Effects of lidocaine on the expansion of lipid monolayer at air/water interface in relation to the local anesthesia

Lidocaine compounds have widely been used as local anesthetics. Regarding the molecular mechanism for anesthesia by local anesthetics, two hypotheses have been proposed. The first one is that molecules of local anesthetics penetrate into the hydrophobic region of cell membrane and expand the membrane volume, resulting in a change of protein conformation that blocks sodium permeability. The second hypothesis is that molecules of local anesthetics are directly adsorbed into the receptors of anesthetics in the protein channel without expanding the cell membrane. However, these proposals have never been examined systematically. In this study, the expansion of cell membrane by lidocaine compounds was investigated by employing lipid monolayer at the air/water interface as the mimetic system for cell membrane.

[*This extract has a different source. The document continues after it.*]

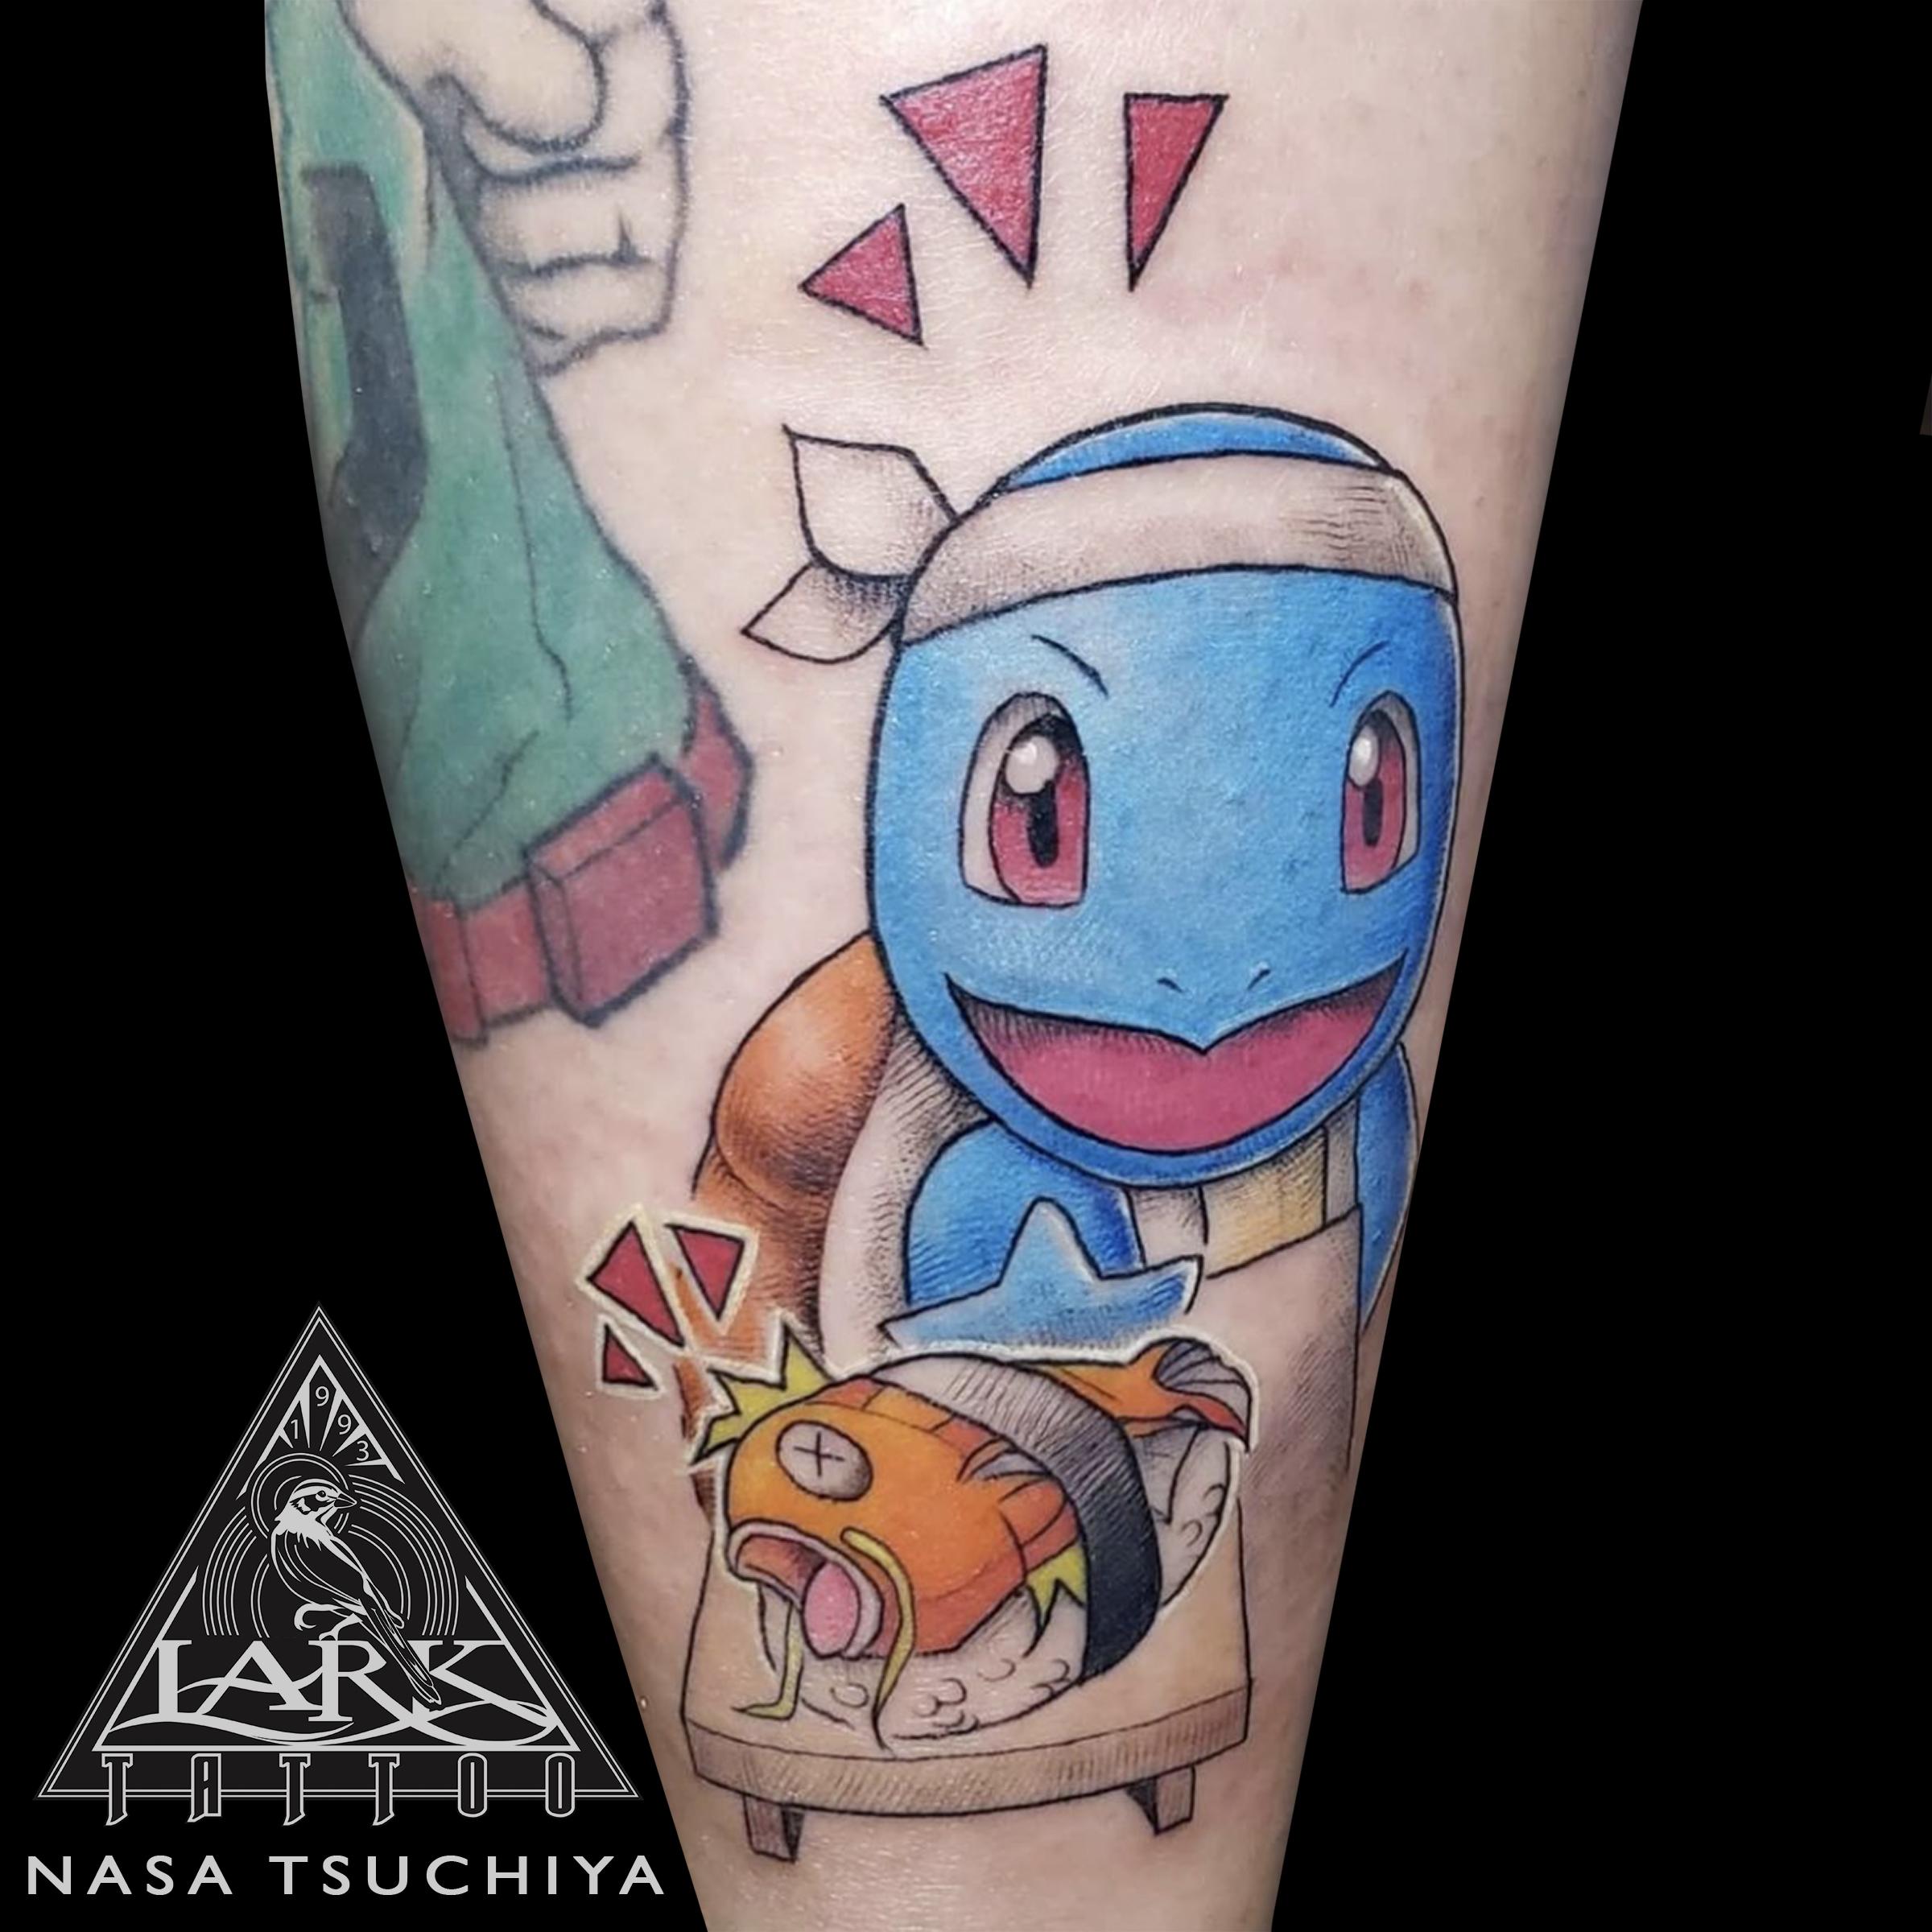 #LarkTattoo #Tattoo #NasaTsuchiya #NasaTsuchiyaLarkTattoo #Tattoos #Squirtle #SquirtleTattoo #Pokémon #PokémonTattoo #Pokemon #PokemonTattoo #ゼニガメ #Wartortle #WartortleTattoo #Blastoise #BlastoiseTattoo #ColorTattoo #Anime #AnimeTattoo #Manga #MangaTattoo #Kawaii #KawaiiTattoo #AnimeTattooer #AnimeTattooArtist #Nerd #NerdTattoo #Nerdy #NerdyTattoo #Cute #CuteTattoo #AnimeLover #AnimeLoverTattoo #FemaleArtist #FemaleTattooArtist #LadyTattooer #Videogame #VideogameTattoo #TattooArtist #Tattoist #Tattooer #LongIslandTattooArtist #LongIslandTattooer #LongIslandTattoo #TattooOfTheDay #Tat #Tats #Tatts #Tatted #Inked #Ink #TattooInk #AmazingInk #AmazingTattoo #BodyArt #LarkTattooWestbury #Westbury #LongIsland #NY #NewYork #USA #Art #Tattedup #InkedUp #LarkTattoos

It was found that oil-soluble lidocaine contracted the area/molecule of lipids in the monolayer of phosphatidyl choline, sphingomyelin, DS-PL95E and lipoid, but expand the monolayer of phosphatidyl ethanolamine only in a certain range of mixing ratios. Thus, this study can provide an evidence that lidocaine yields anesthesia effect by adsorbing into receptors in the protein channel rather than expanding the cell membrane.